Gorgeous review, as ever. I couldn’t agree more with Josh’s take on this incredible lens, and his pictures make an amazing job of showing what this little gem is capable of in the right hands. It may seem small and somewhat cheap but make no mistake, this beauty punches well above its weight. I purchased mine the very same day I got my E-M10, which is probably why the 14-42mm kit lens has been locked up in a drawer since then.

I also very much agree with Josh’s conclusion:

Will the 20mm pancake be in my collection forever? Probably not. I view this lens like a ninth grade teacher: The subject is capable of teaching you fundamental skills, but may peak in its lesson-giving at some point in time. However, upon return after years away, that teacher can still remind you of the basic skills and drive home something new entirely.

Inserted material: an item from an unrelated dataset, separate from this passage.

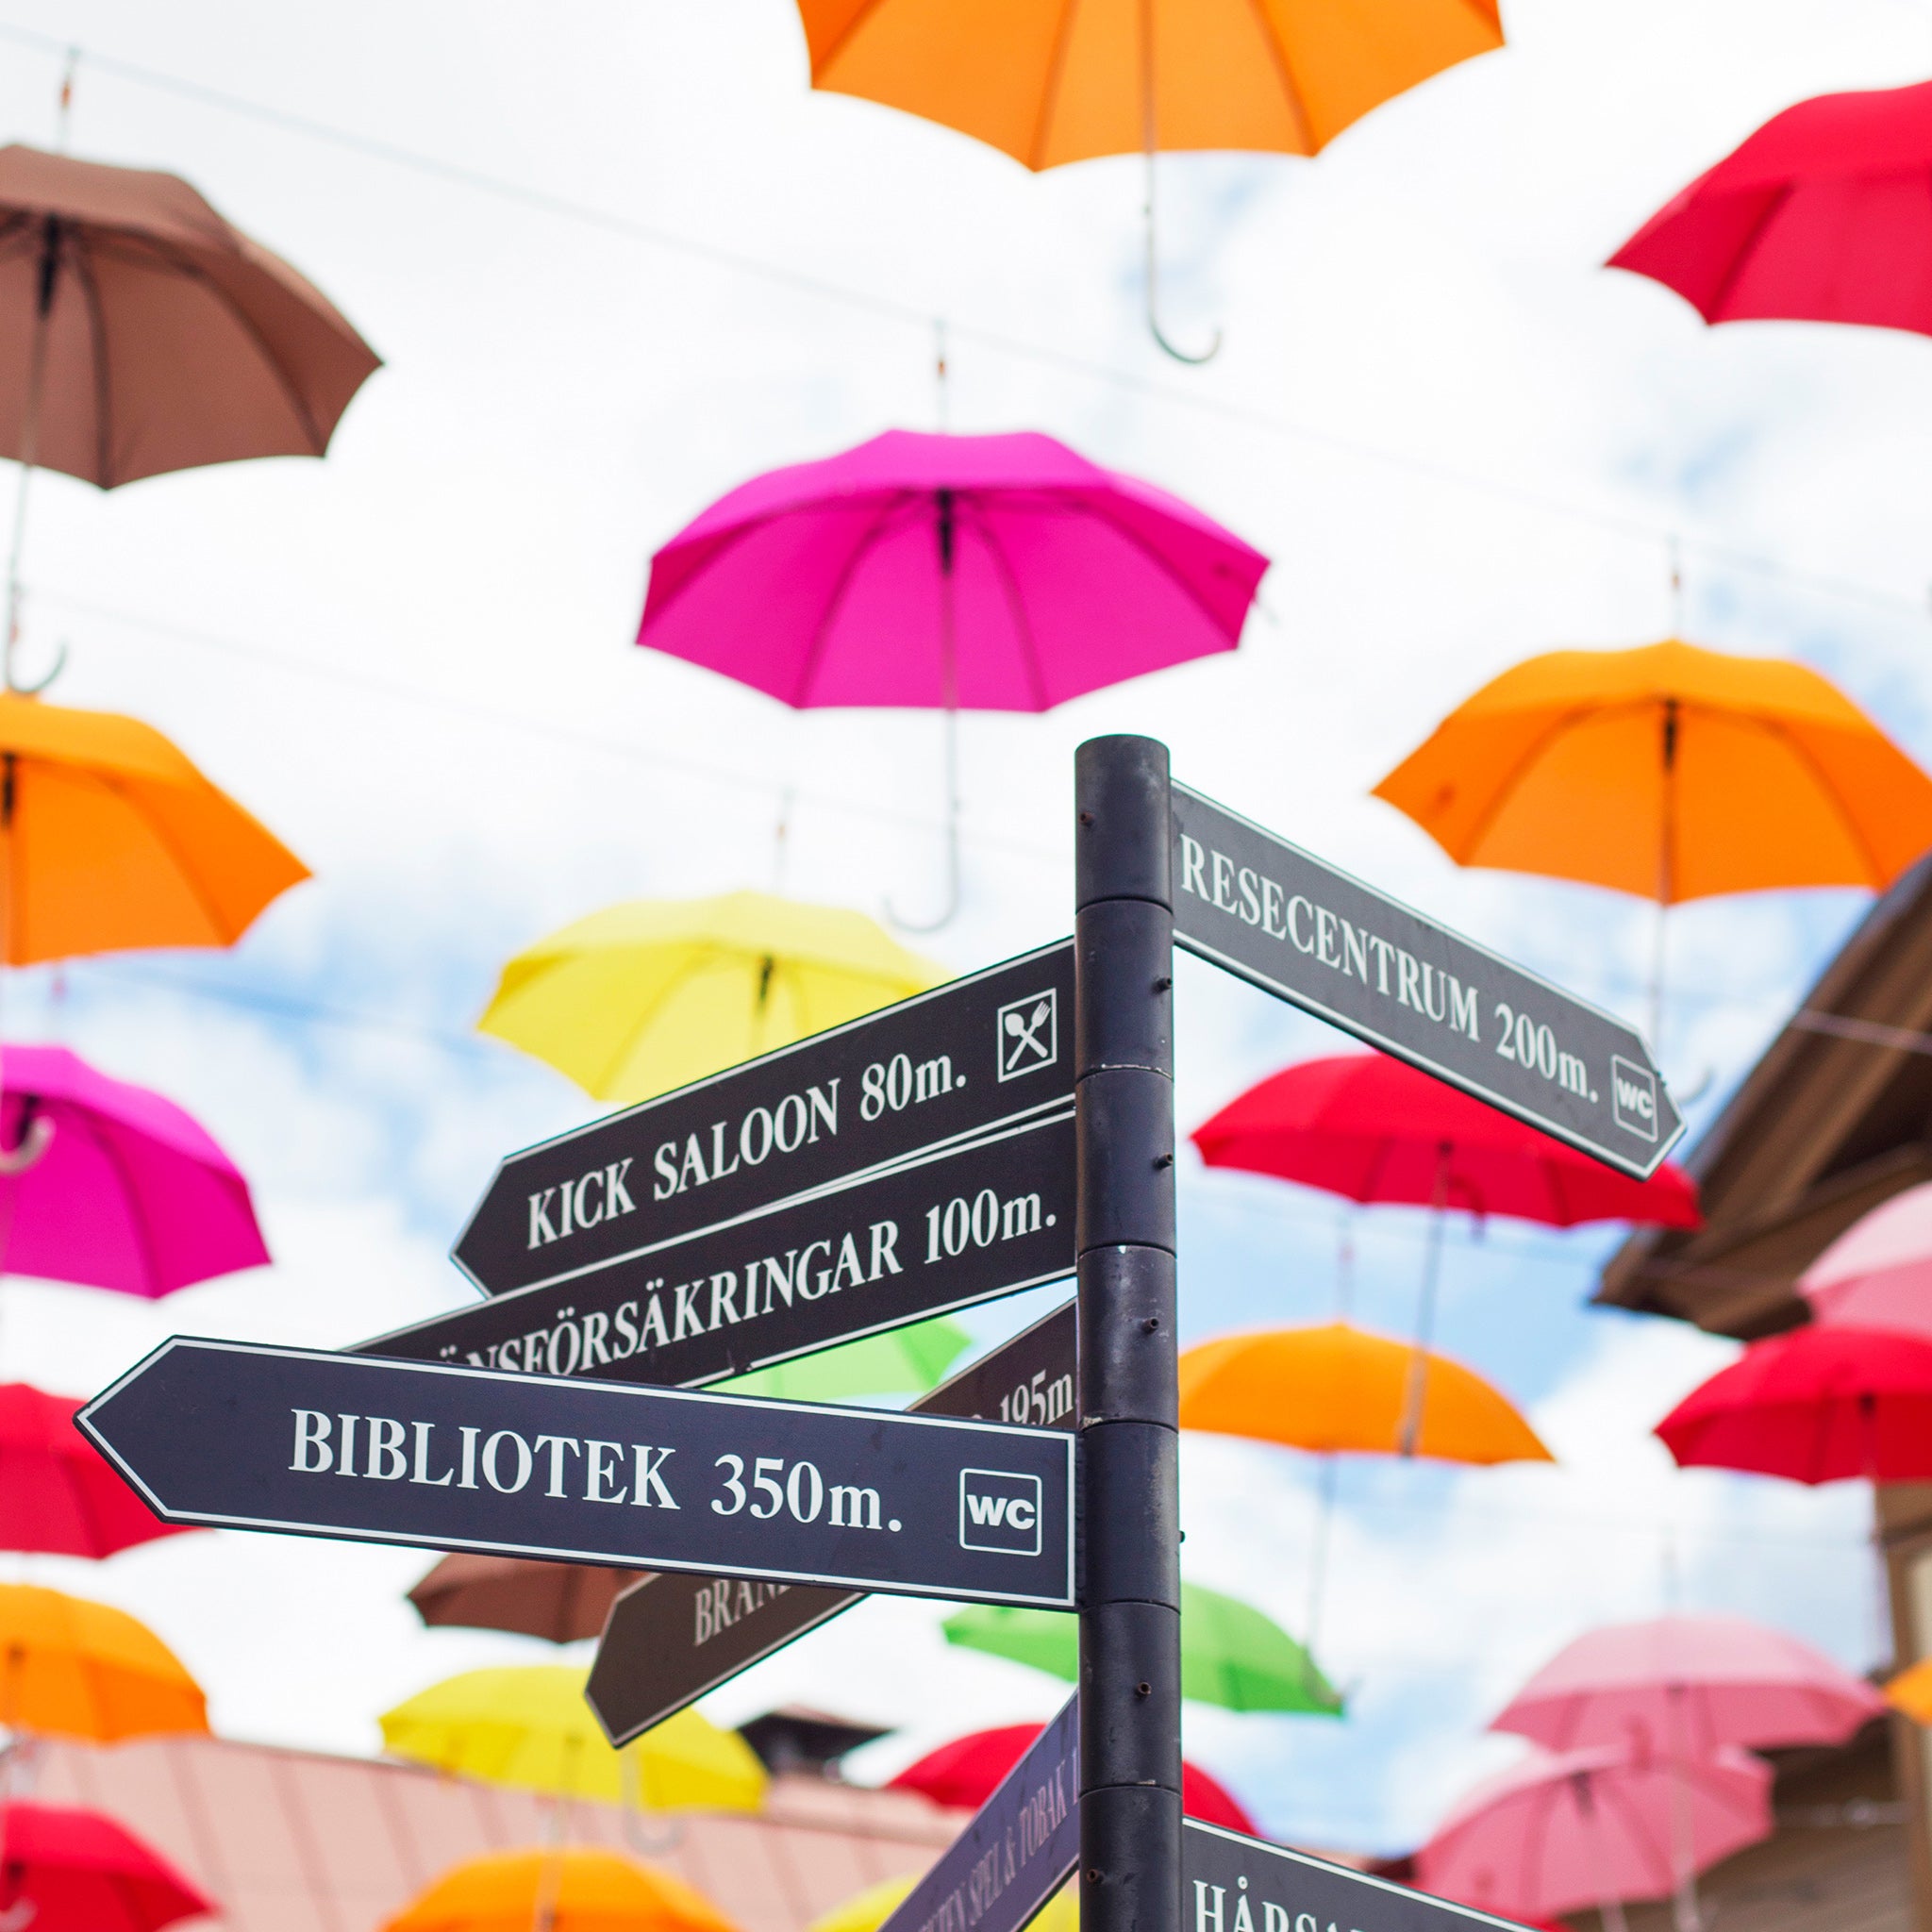 Bokhandlargränd i Ljusdal. Dekorerad med färgglada paraplyer.

This may sound odd, but I’ve actually been considering selling my 20mm pancake for a while. For all its virtues, I can’t help but feel I’ve sort of outgrown it in the past few months, and I often find myself wanting to explore different focal lengths. In particular, I’ve been wanting to switch over to the Olympus 17mm f/1.8 lens.

I’m going through a 35mm phase in my photography lately, which is why the lack of a truly outstanding 35mm-equivalent lens for the Micro Four Thirds system (17.5mm in MMFT terms) annoys me to no end. Sure, there’s the awesome Voigtländer 17.5mm f/0.95, but it’s manual-focus only and costs almost $1,000, so it’s not exactly an alternative to the Lumix. That leaves only the Olympus. By all accounts, it’s not as sharp as the Lumix, but it has some other redeeming qualities, not the least of which is its slightly wider focal length, much closer to the classic 35mm focal length than the Lumix.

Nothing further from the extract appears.